“Of a truth,” rejoined the other, “I rejoice that I am no politician. I believe my spirit is as free as any cooped in the narrow dungeon of earth’s clay can well be; yet I confess that it has drawn none of its liberty from book, pamphlet, speech, or newspaper, of modern times.”

“So much the worse for you, sir,” said Wolfe, sourly: “the man who has health and education can find no excuse for supineness or indifference to that form of legislation by which his country decays or prospers.”

“Why,” said the other, gayly, “I willingly confess myself less of a patriot than a philosopher; and as long as I am harmless, I strive very little to be useful, in a public capacity; in a private one, as a father, a husband, and a neighbour, I trust I am not utterly without my value.”

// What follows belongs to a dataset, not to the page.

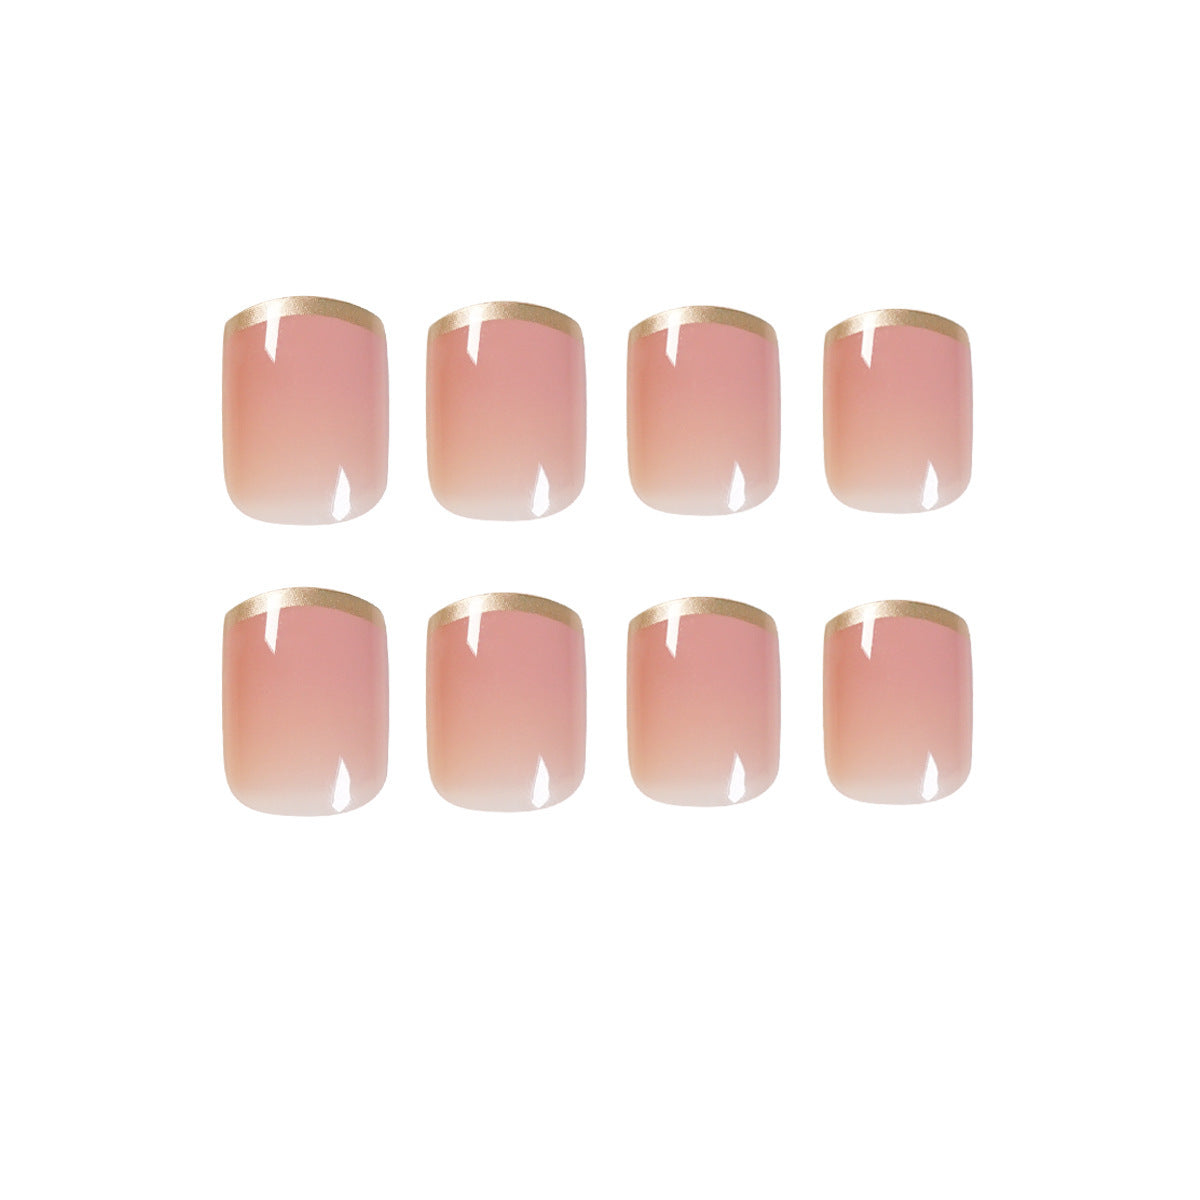 Nail manicure pieces, removable French fake nails, wearable nail pieces, manicure nail patches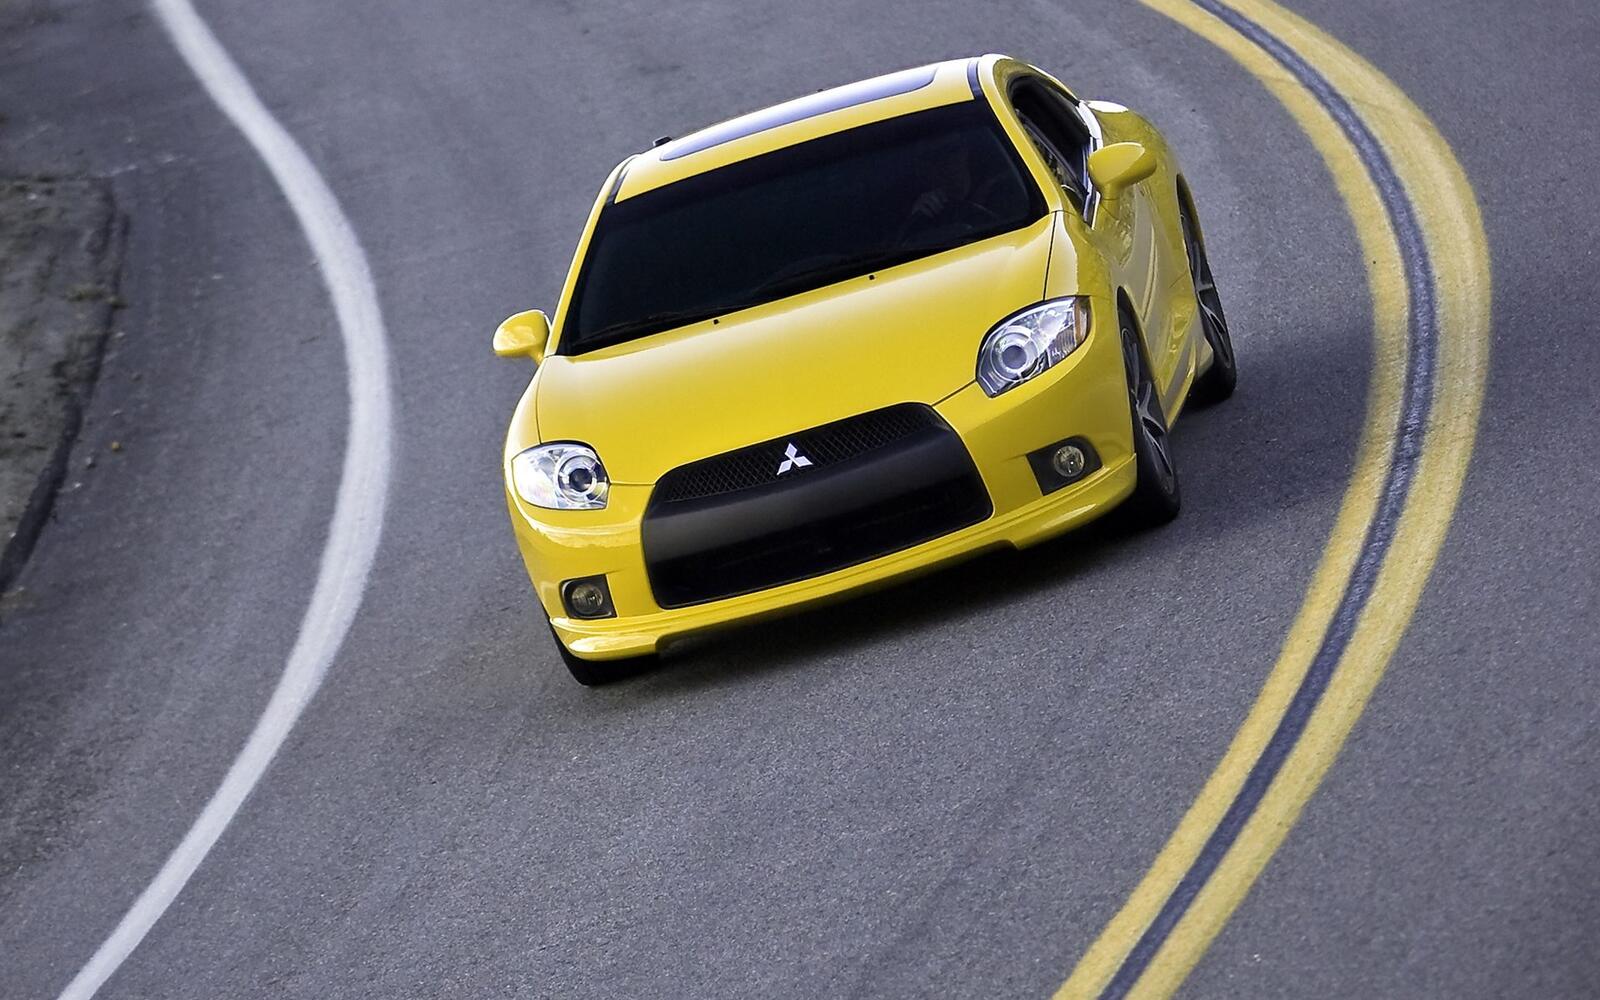 Wallpapers car yellow race on the desktop

“Pish!” cried Wolfe; “let no man who forgets his public duties prate of his private merits. I tell you, man, that he who can advance by a single hair’s-breadth the happiness or the freedom of mankind has done more to save his own soul than if he had paced every step of the narrow circle of his domestic life with the regularity of clockwork.”

“You may be right,” quoth the stranger, carelessly; “but I look on things in the mass, and perhaps see only the superficies, while you, I perceive already, are a lover of the abstract. For my part, Harry Fielding’s two definitions seem to me excellent. ‘Patriot,—a candidate for a place!’ ‘Politics,—the art of getting such a place!’ Perhaps, sir, as you seem a man of education, you remember the words of our great novelist.”

“No!” answered Wolfe, a little contemptuously; “I cannot say that I burden my memory with the deleterious witticisms and shallow remarks of writers of fancy. It has been a mighty and spreading evil to the world that the vain fictions of the poets or the exaggerations of novelists have been hitherto so welcomed and extolled. Better had it been for us if the destruction of the lettered wealth at Alexandria had included all the lighter works which have floated, from their very levity, down the stream of time, an example and a corruption to the degraded geniuses of later days.”

The eyes of the stranger sparkled. “Why, you outgoth the Goth!” exclaimed he, sharply. “But you surely preach against what you have not studied. Confess that you are but slightly acquainted with Shakspeare, and Spenser, and noble Dan Chaucer. Ay, if you knew them as well as I do, you would, like me, give—

‘To hem faith and full credence,
And in your heart have hem in reverence.’”

“Pish!” again muttered Wolfe; and then rejoined aloud, “It grieves me to see time so wasted, and judgment so perverted, as yours appears to have been; but it fills me with pity and surprise, as well as grief, to find that, so far from shame at the effeminacy of your studies, you appear to glory and exult in them.”

“May the Lord help me, and lighten thee,” said Cole; for it was he. “You are at least not a novelty in human wisdom, whatever you may be in character; for you are far from the only one proud of being ignorant, and pitying those who are not so.”